Prime Minister Mark Carney says his government is committed to ‘maintaining’ the federal tanker ban on B.C.’s North Coast. At a press conference with B.C. Premier David Eby, Carney said the moratorium will stay in place ‘in accordance’ with any proposed route for a new oil pipeline from Alberta.
He said arguments that a northern route would be more efficient were “pure speculation” at this point.
“Once oil is on a tanker, the difference between Vancouver or Prince Rupert going to Asia is probably a few cents because it’s very inexpensive to move oil on a tanker,” he said.
“The key is how big is the tanker.
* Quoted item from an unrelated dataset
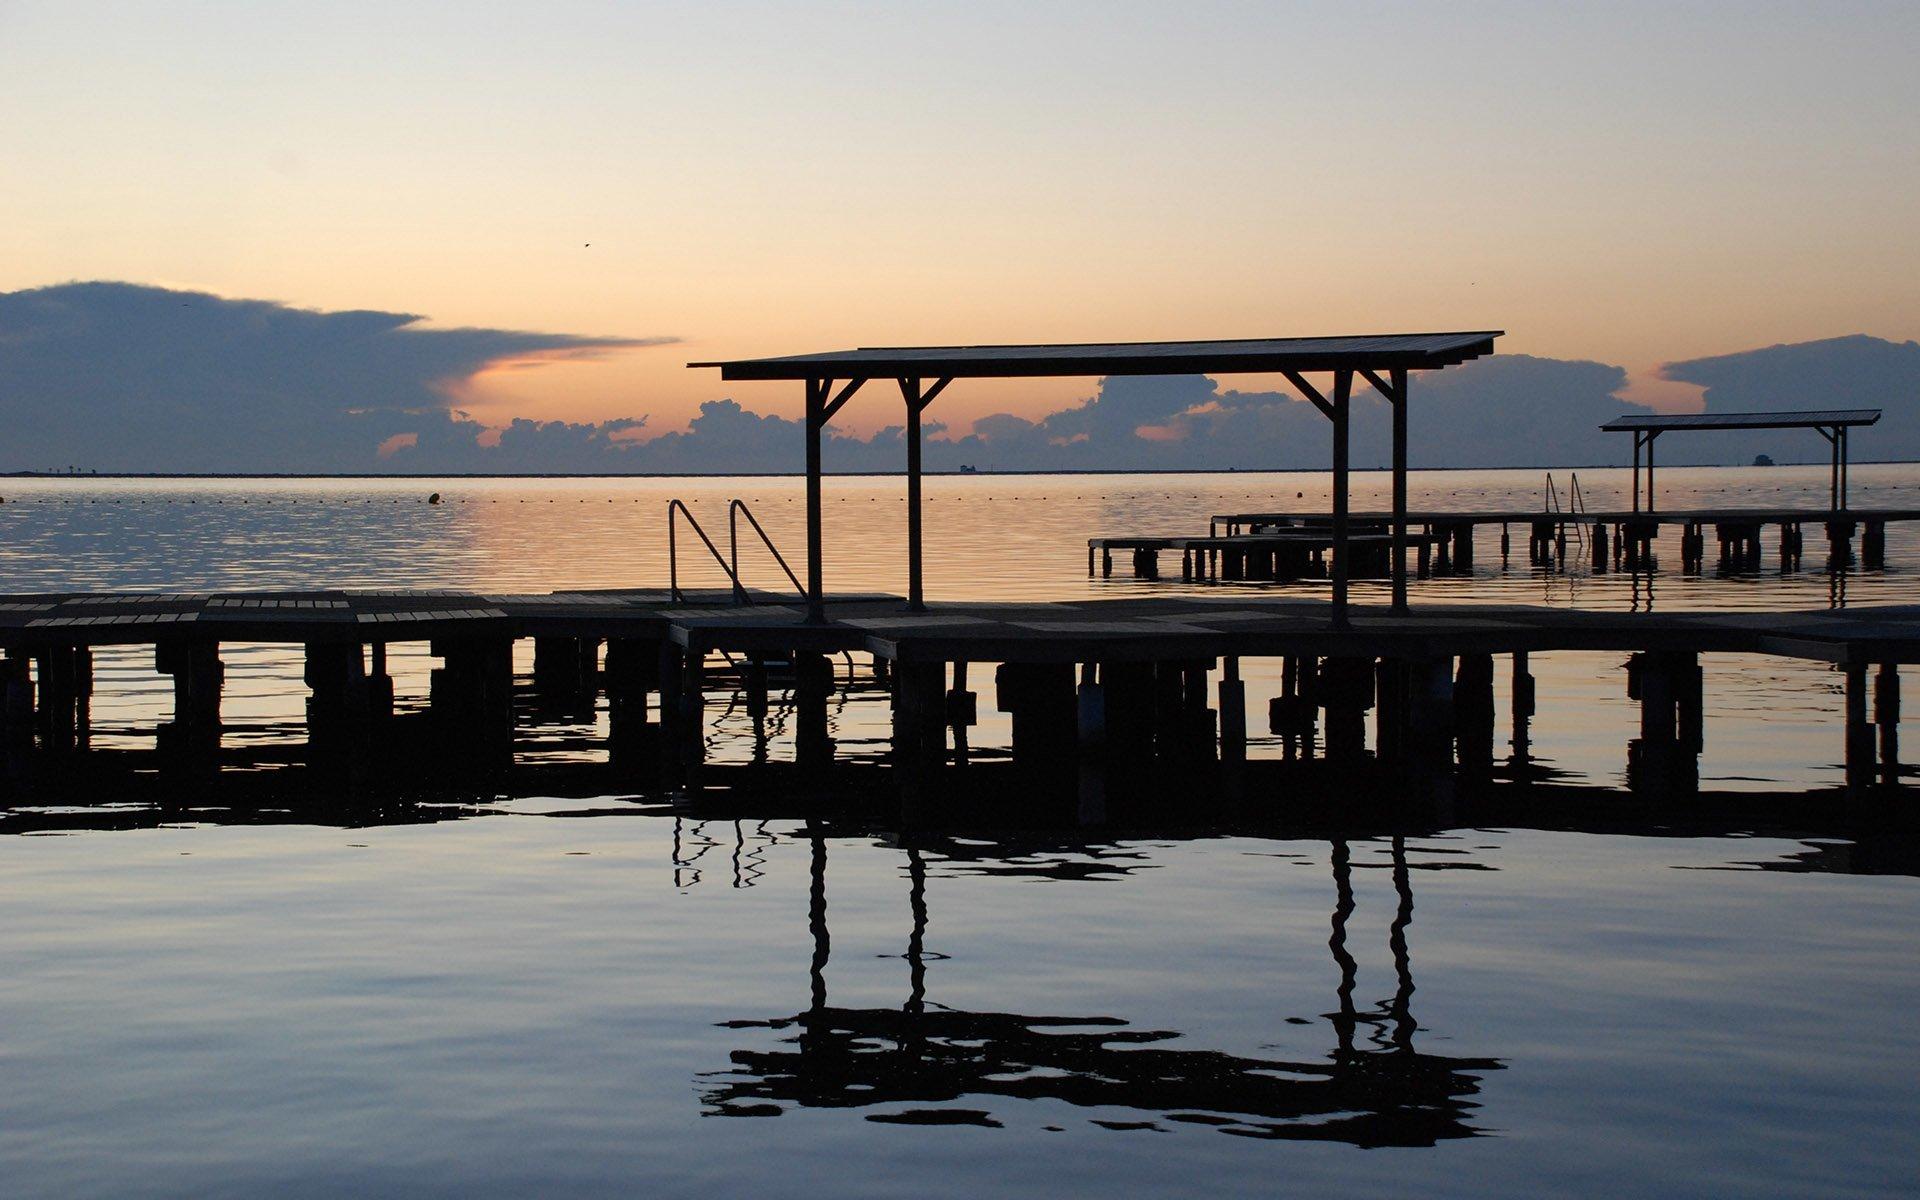 mar menor iskele ve gün batımı

So if we could see Roberts Bank as the port — and it allows for VLCC (very large crude carriers) — then that’s the the best way to be efficient and and that would be great for Canada.”
Challenge to project
The RBT2 expansion is not without its critics, even as the Vancouver Fraser Port Authority argues it is vital to strengthen Canada’s trade infrastructure.
Last year, a Federal Court judge dismissed a lawsuit by environmental groups that said the expansion project would destroy vital chinook salmon habitat, threatening the survival of southern resident killer whales that rely on salmon for food.
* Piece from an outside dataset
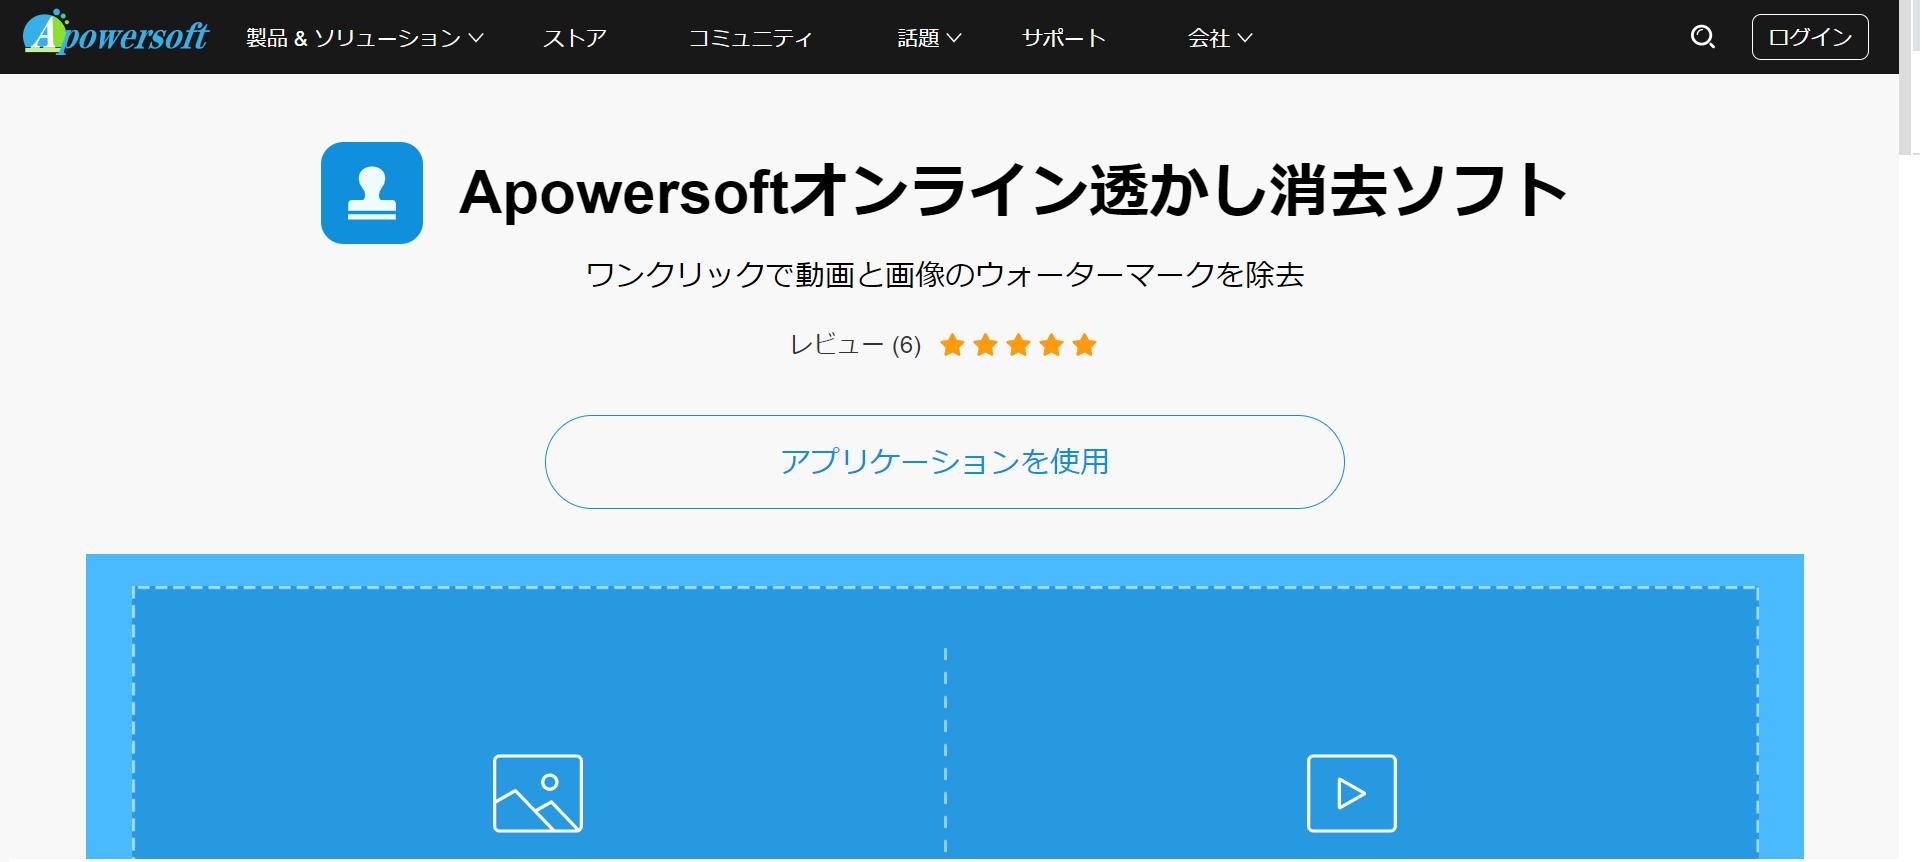 オンライン透かしソフト

In a statement on Thursday, the Wilderness Committee — one of the groups that filed the lawsuit — said the RBT2 project would lead to increased tanker traffic and the risk of a devastating oil spill.
“Prime Minister Carney is showing us his enthusiastic willingness to accept and fund the extinction of endangered species and a future where oil and private profit are more valuable than the entire Salish Sea ecosystem,” said Lucero González, a campaigner with the group.
While the federal government has committed $10 billion to the RBT2 project and the expansion of the Port of Vancouver trade corridor, the Wilderness Committee said the RBT2 project has yet to receive its final federal permit under the Species at Risk Act.
Laura Jones, the CEO of the Business Council of B.C., said the federal funds for the Port of Vancouver expansion showed that there was a commitment from Ottawa to diversify trade — something she argued was critical given political headwinds.
“Earlier this week, the U.S. made it clear they’re going year-by-year now with the Canada-U.S.-Mexico Agreement,” he said.
“And so we don’t have the stability and the certainty that we once had with our biggest trading partner.”